What are the arguments in favor of speciesism?
The primary argument used to support speciesism is that humans and nonhuman animals are simply different, with humans having a higher ability to think, reason, and experience life than animals. These heightened abilities justify the preferential treatment given to humans and provide a justification for the use of animals for human gain.
What are the arguments against speciesism?
One of the most prominent arguments against speciesism that does not center on the inherent value of animal life is that there are humans, such as babies or those who have experienced brain trauma, that have a similar cognitive state to many animals and yet those people are still afforded greater care than many animals.
Can we justify speciesism?
The underlying justification for speciesism is that it maintains the status quo. Speciesism allows us to continue eating the bodies of other animals and visiting zoos and aquariums to gawk at animals that belong on entirely different continents or a hundred feet below the surface of the water. These justifications, however, pale in comparison to the lived reality of being one of the animals who is slaughtered for food, or who is repeatedly impregnated just to have their young taken within hours of giving birth, or who spends their days locked into a cage hundreds of square miles smaller than the savannahs or oceans that they are hardwired to roam and explore.
What is anti-speciesism?
Anti-speciesism is the recognition that suffering of a similar scale should receive similar attention and consideration, regardless of the species experiencing it. It requires the realization that all species have an equal interest in being free and leading a life free of pain and suffering.
Speciesism in law and policy
For decades, in true speciesist fashion, nonhuman animals have been regarded as less than human and in many places as property similar to a table or other item of furniture. This trend is beginning to change, as can be seen in a 2019 decision from the High Court of Punjab and Haryana at Chandigarh. The court decided that animals including birds, fish, and other aquatic animals are legal persons and that people have the responsibility to care for them and provide for their welfare. In addition to this landmark ruling in India, there have been a number of wins for individual animals and entities that challenge speciesism. In 2016 Cecilia, a chimpanzee, was awarded legal personhood by a court in Argentina and recognized as having “inherent rights.” Thanks to the activism of Colombian young people, the part of the Amazon rainforest within the country was recognized as a legal person with rights in 2018.

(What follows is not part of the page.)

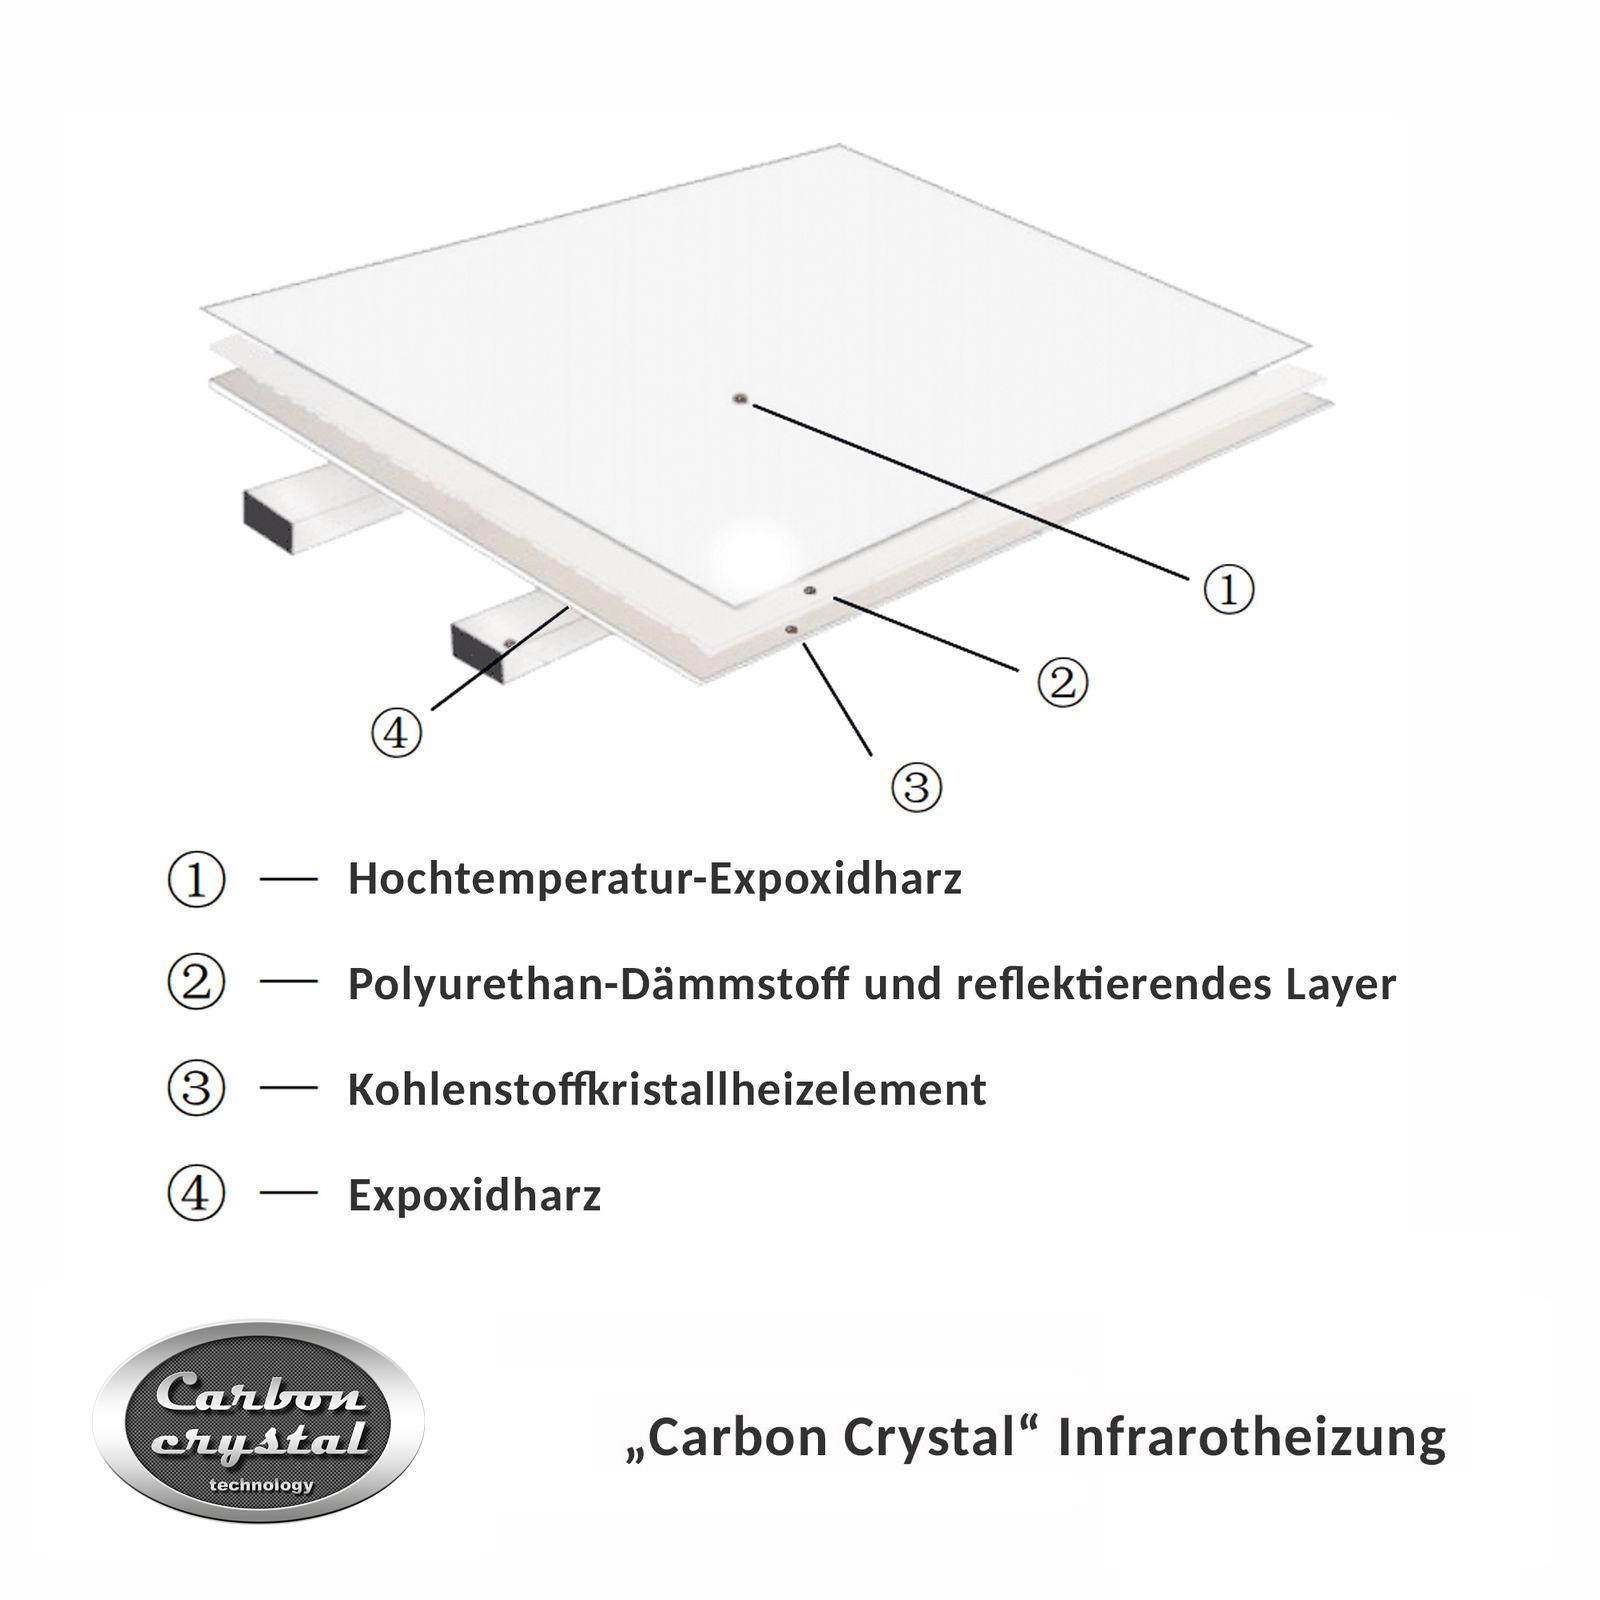 Viesta F450 Infrarotheizung Carbon Crystal (neueste Technologie) Heizpaneel Heizkörper Heizung heating panel ultraflache Wandheizung Weiß - 450 Watt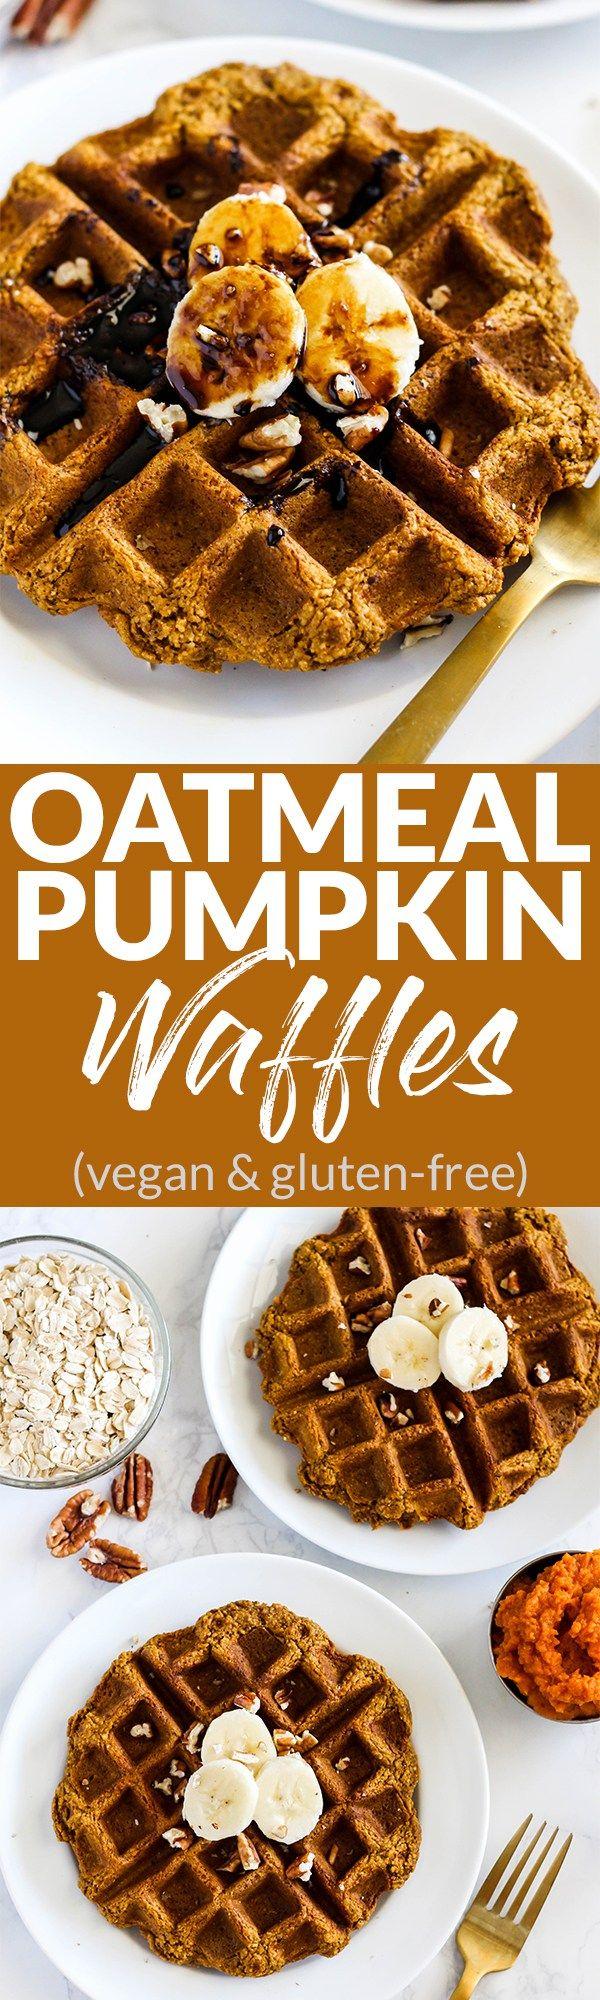 Vegan Oatmeal Pumpkin Waffles (glutenfree) Recipe

The fight against speciesism has been an uphill battle, but progress is being made through the court systems in countries around the world. Due to the hard work of activists standing up for animals and combating the assumed superiority of humans, nonhuman animal suffering is being reduced. By adopting a plant-based diet you can add your voice and purchasing power to the ranks of people who have recognized that animals deserve the same moral consideration as humans and that they should not experience the suffering entailed by life on a factory farm.